Let's look at the preservation of rna cluster and atac cluster spot annotations in the embedding space. Note that the goal of NicheCompass is not a perfect separation of rna cluster or atac cluster spot annotations but rather to identify spatial cellular niches. Nevertheless, it can be useful to look at the spot annotations if available.

In [None]:
output = model.get_omics_decoder_outputs(
                only_active_gps=True,
                node_batch_size=512)

In [None]:
for i, gene in enumerate(adata.var_names):
    model.adata.obs[f"{gene}_rec"] = output["target_rna_nb_means"][:, i]

In [None]:
model.adata.var_names

In [None]:
model.adata.varm["nichecompass_gp_sources"].sum(1)

In [None]:
model.adata.varm["nichecompass_gp_targets"].sum(1)

In [None]:
model.features_scale_factors_

In [None]:
gene = "Mbp"

sc.pl.spatial(
    use_raw=False,
    adata=model.adata,
    color=gene,
    color_map="RdBu_r",
    spot_size=30,
    title=f"",
    legend_loc=None,
    colorbar_loc="bottom",
    show=True)

sc.pl.spatial(
    use_raw=False,
    adata=model.adata,
    color=f"{gene}_rec",
    color_map="RdBu_r",
    spot_size=30,
    title=f"",
    legend_loc=None,
    colorbar_loc="bottom",
    show=True)

In [None]:
samples = model.adata.obs[sample_key].unique().tolist()

rna_cluster_colors = create_new_color_dict(
    adata=model.adata,
    cat_key=rna_cluster_key)

atac_cluster_colors = create_new_color_dict(
    adata=model.adata,
    cat_key=atac_cluster_key)

In [None]:
# Create plot of RNA cluster annotations in physical and latent space
groups = None # set this to a specific cluster for easy visualization, e.g. ["R0"]
save_fig = True
file_path = f"{figure_folder_path}/" \
            "rna_clusters_latent_physical_space.svg"

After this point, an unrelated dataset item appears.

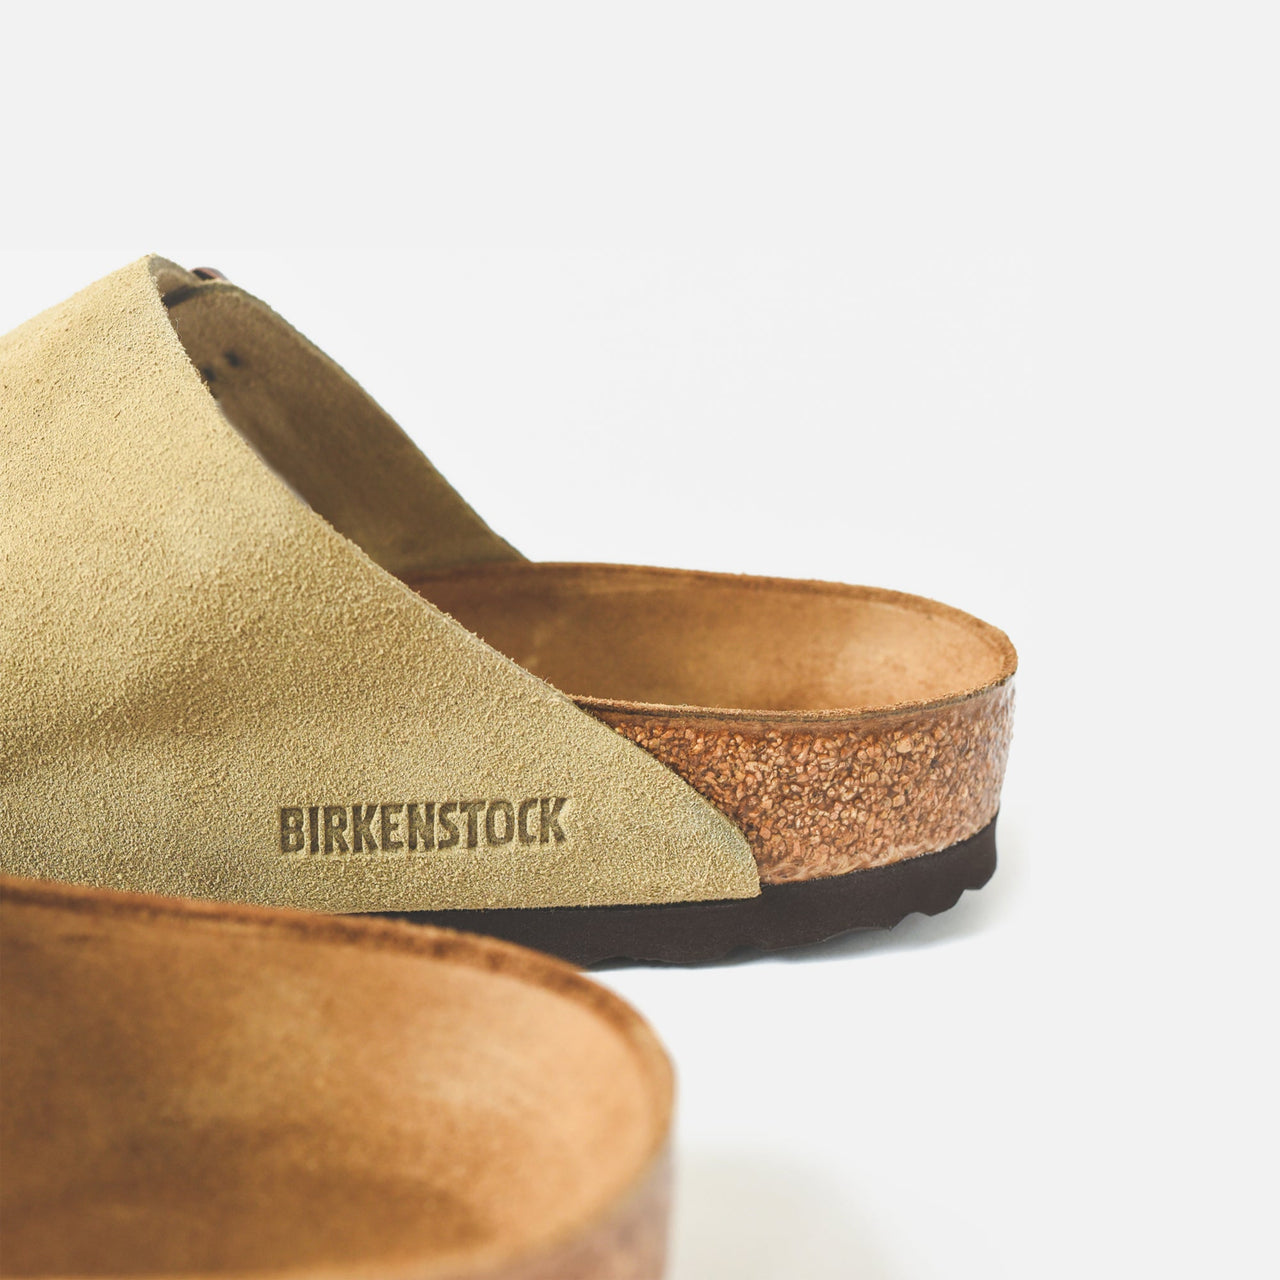 A close-up image of Birkenstock Women's Arizona Suede Taupe sandals with adjustable straps and a comfortable footbed
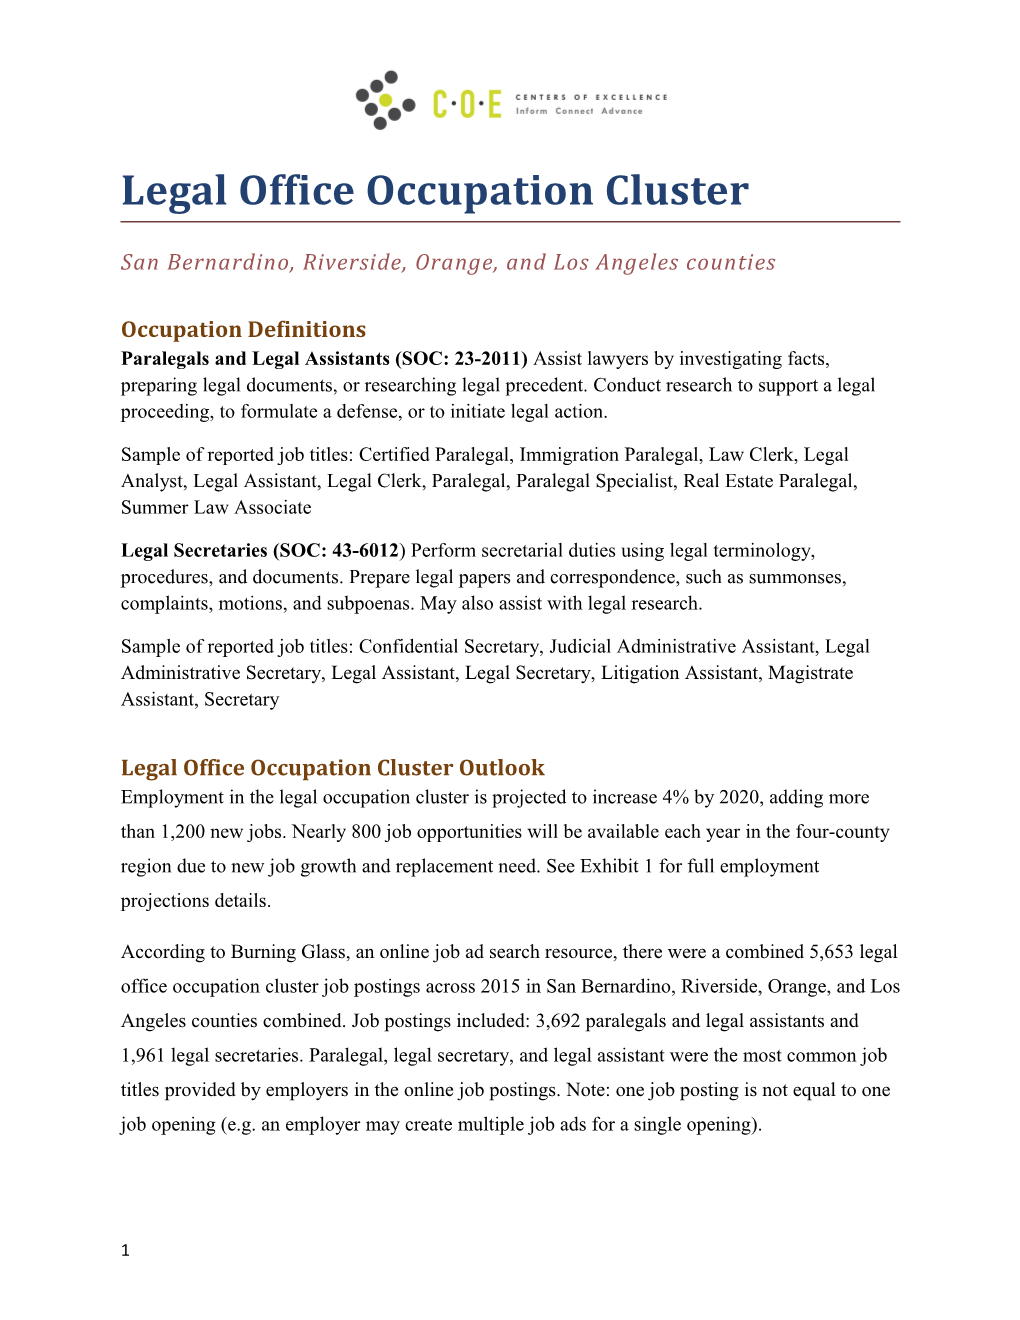 Legal Office Occupation Cluster

fig = plt.figure(figsize=(12, 14))
title = fig.suptitle(t=f"Original RNA Clusters " \
                       "in NicheCompass Latent and Physical Space",
                     y=0.96,
                     x=0.55,
                     fontsize=20)
spec1 = gridspec.GridSpec(ncols=1,
                          nrows=2,
                          width_ratios=[1],
                          height_ratios=[3, 2])
spec2 = gridspec.GridSpec(ncols=len(samples),
                          nrows=2,
                          width_ratios=[1] * len(samples),
                          height_ratios=[3, 2])
axs = []
axs.append(fig.add_subplot(spec1[0]))
sc.pl.umap(adata=model.adata,
           color=[rna_cluster_key],
           groups=groups,
           palette=rna_cluster_colors,
           title=f"Original RNA Clusters in NicheCompass Latent Space",
           ax=axs[0],
           show=False)
for idx, sample in enumerate(samples):
    axs.append(fig.add_subplot(spec2[len(samples) + idx]))
    sc.pl.spatial(adata=model.adata[model.adata.obs[sample_key] == sample],
                  color=[rna_cluster_key],
                  groups=groups,
                  palette=rna_cluster_colors,
                  spot_size=spot_size,
                  title=f"Original RNA Clusters in Physical Space \n"
                        f"(Sample: {sample})",
                  legend_loc=None,
                  ax=axs[idx+1],
                  show=False)

# Create and position shared legend
handles, labels = axs[0].get_legend_handles_labels()
lgd = fig.legend(handles,
                 labels,
                 loc="center left",
                 bbox_to_anchor=(0.98, 0.5))
axs[0].get_legend().remove()

# Adjust, save and display plot
plt.subplots_adjust(wspace=0.2, hspace=0.25)
if save_fig:
    fig.savefig(file_path,
                bbox_extra_artists=(lgd, title),
                bbox_inches="tight")
plt.show()

In [None]:
# Create plot of ATAC cluster annotations in physical and latent space
groups = None # set this to a specific cluster for easy visualization, e.g. ["C0"]
save_fig = True
file_path = f"{figure_folder_path}/" \
            "atac_clusters_latent_physical_space.svg"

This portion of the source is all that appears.